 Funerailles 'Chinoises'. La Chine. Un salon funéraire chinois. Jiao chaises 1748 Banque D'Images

_ _ _

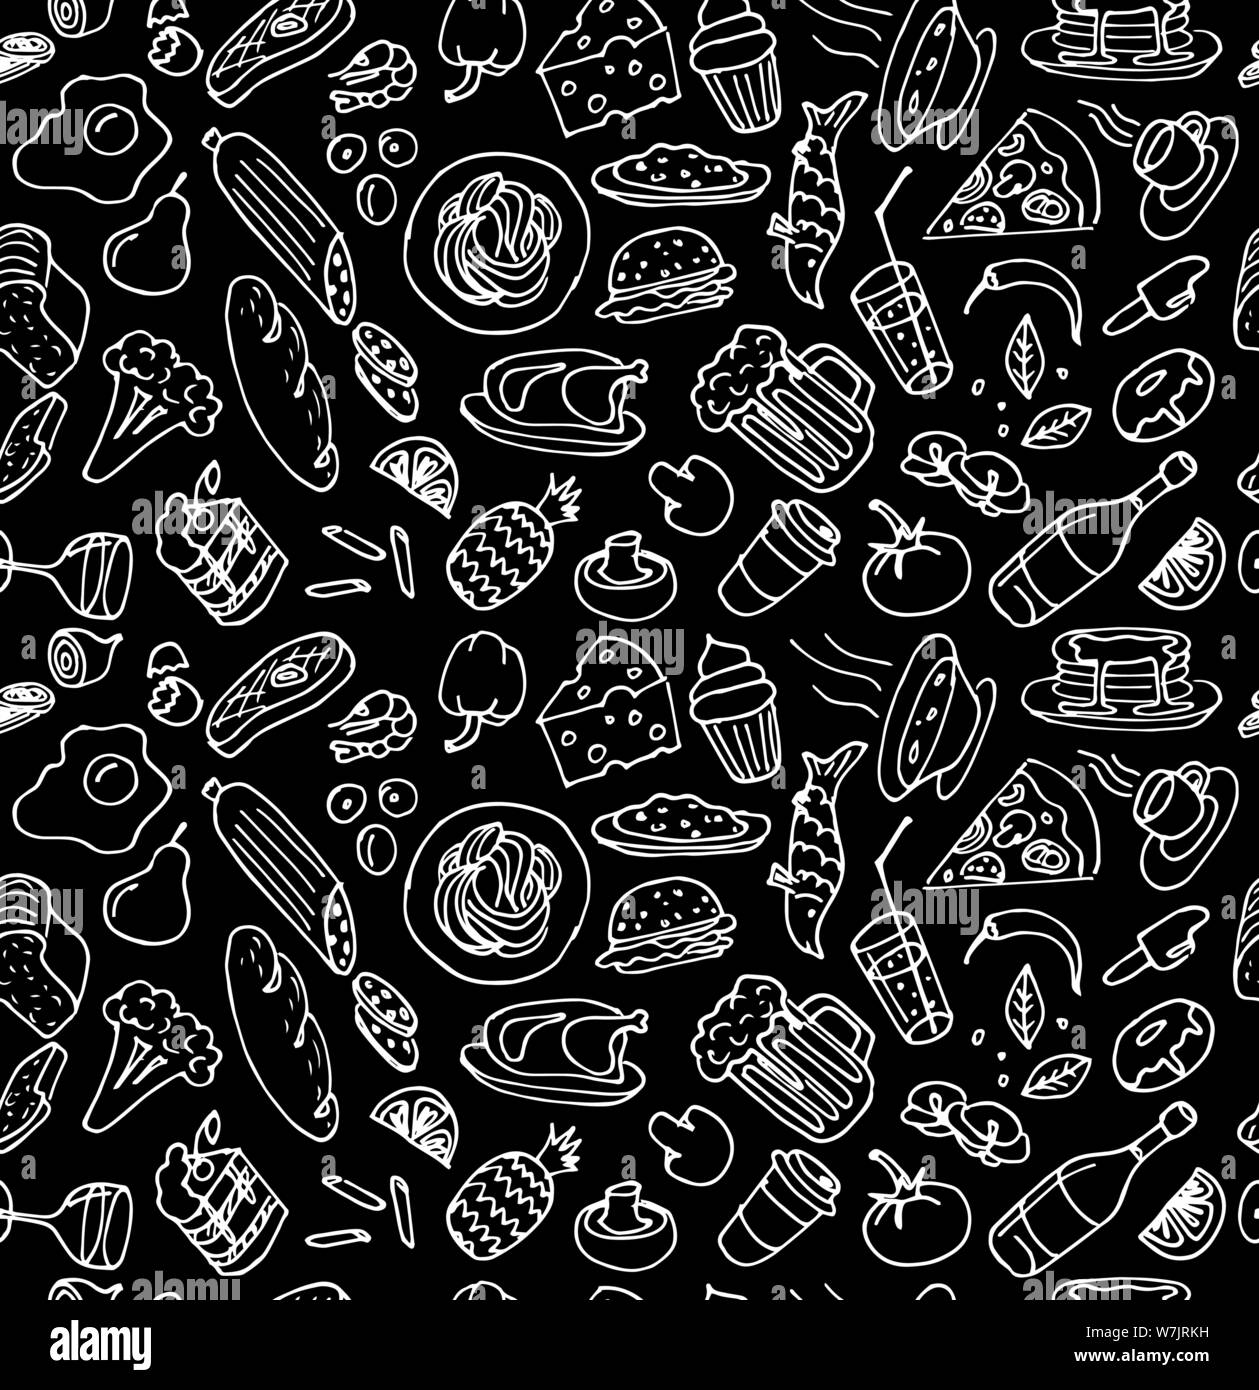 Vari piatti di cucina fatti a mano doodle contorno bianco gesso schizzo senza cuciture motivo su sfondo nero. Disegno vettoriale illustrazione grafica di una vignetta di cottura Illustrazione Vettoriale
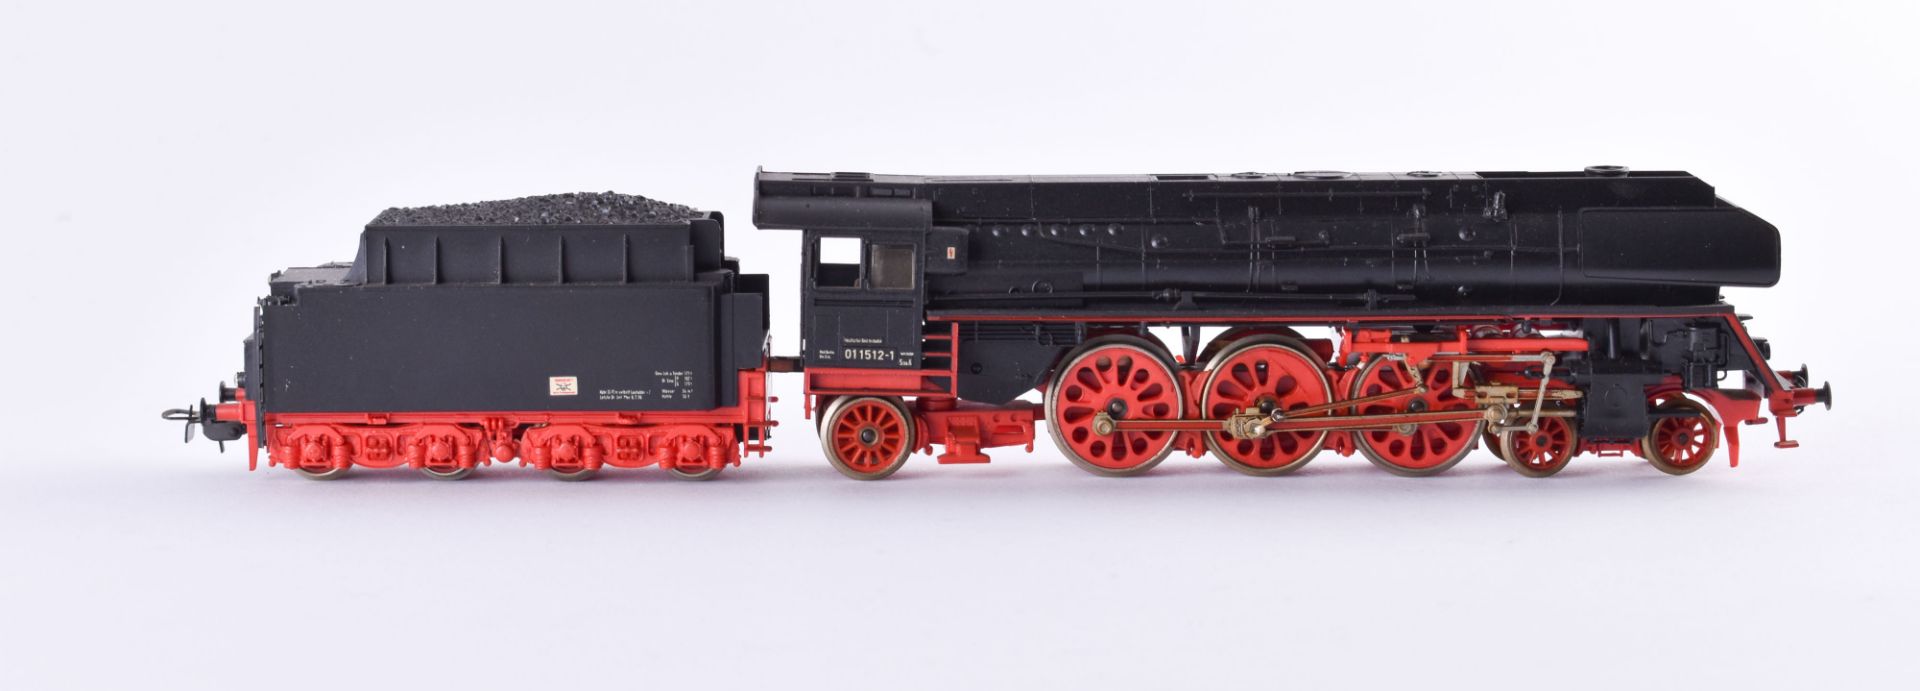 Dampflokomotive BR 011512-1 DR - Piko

_ _ _

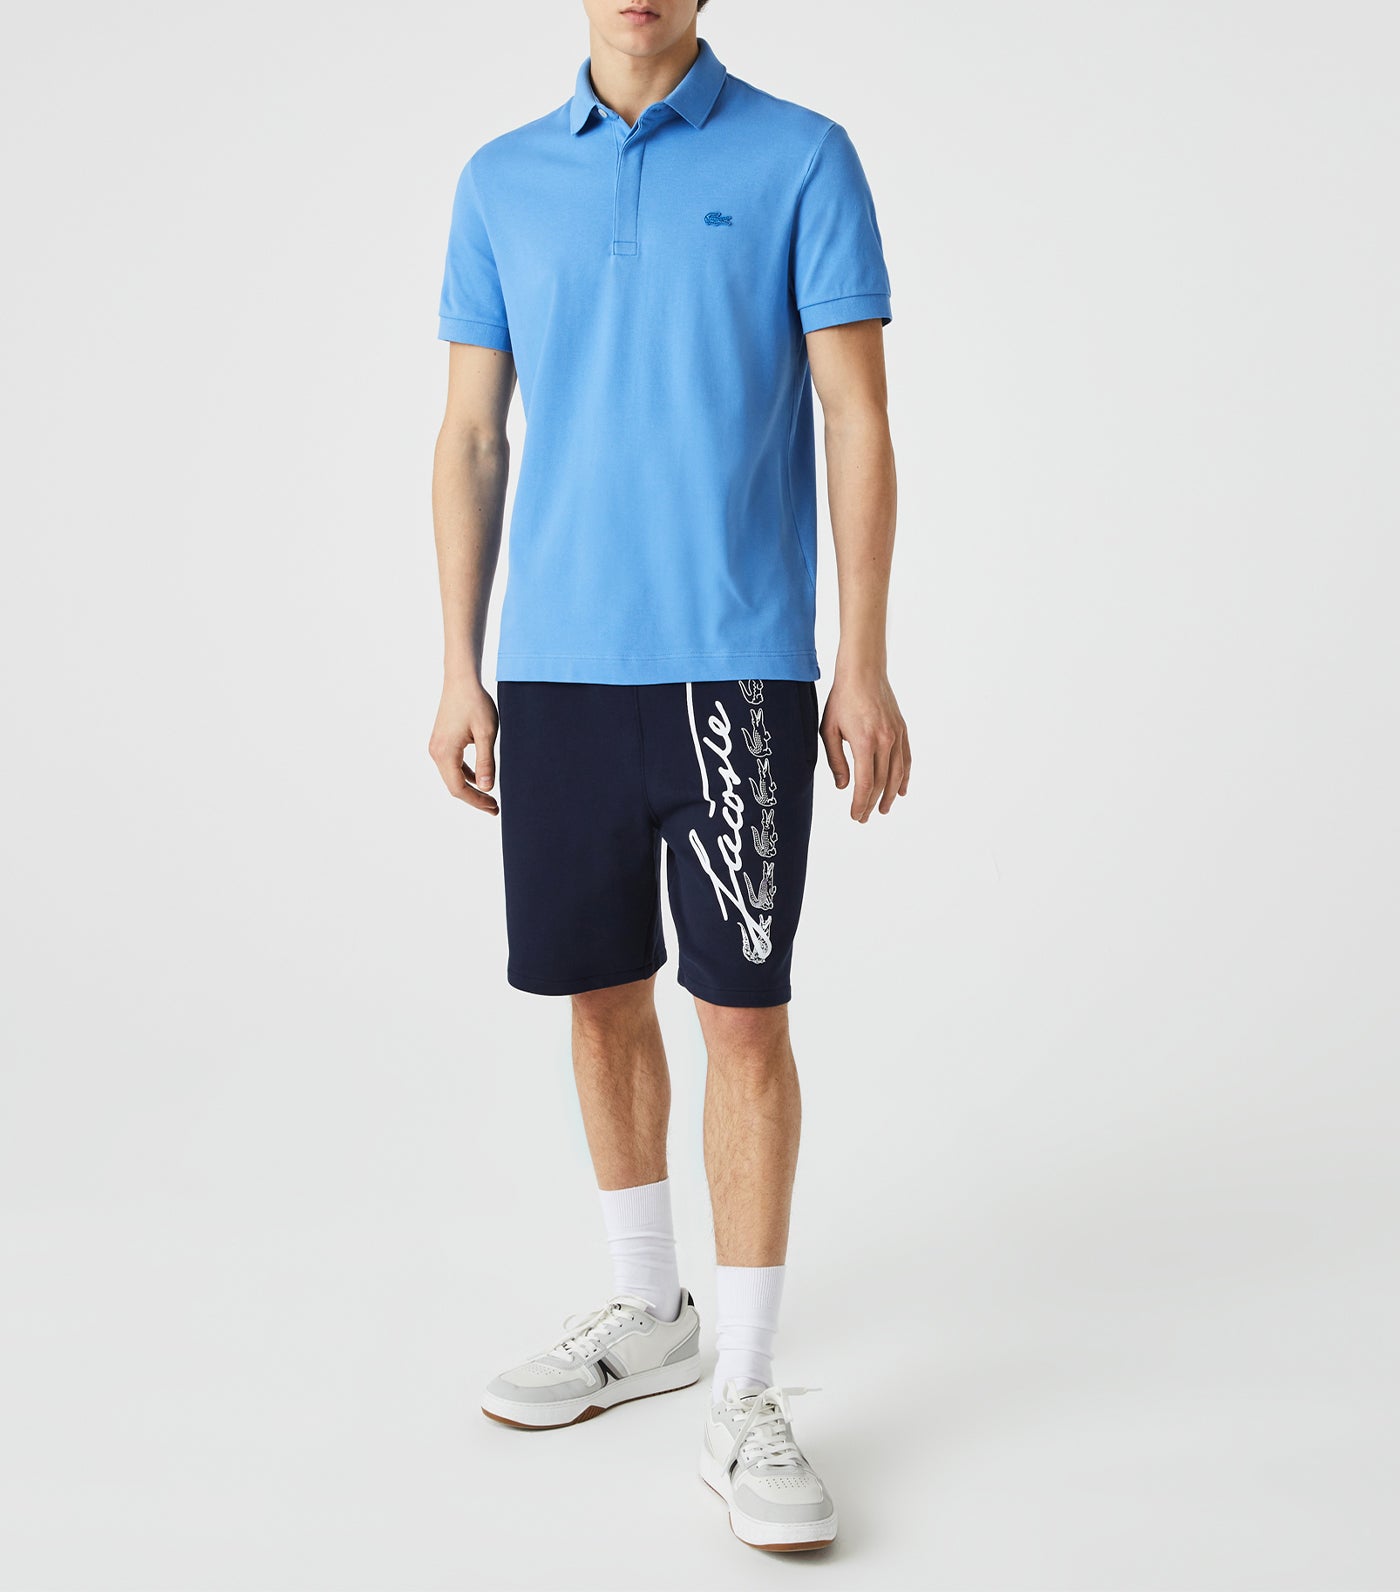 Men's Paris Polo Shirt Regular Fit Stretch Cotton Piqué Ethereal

_ _ _

## Task requirements:
Within the data above, repeat exactly the lines from the one bearing "Vari piatti di" through the one bearing "Dampflokomotive BR 011512-1 DR - Piko". Include no pictures and nothing else.

## Problem solution:
 Vari piatti di cucina fatti a mano doodle contorno bianco gesso schizzo senza cuciture motivo su sfondo nero. Disegno vettoriale illustrazione grafica di una vignetta di cottura Illustrazione Vettoriale
 Dampflokomotive BR 011512-1 DR - Piko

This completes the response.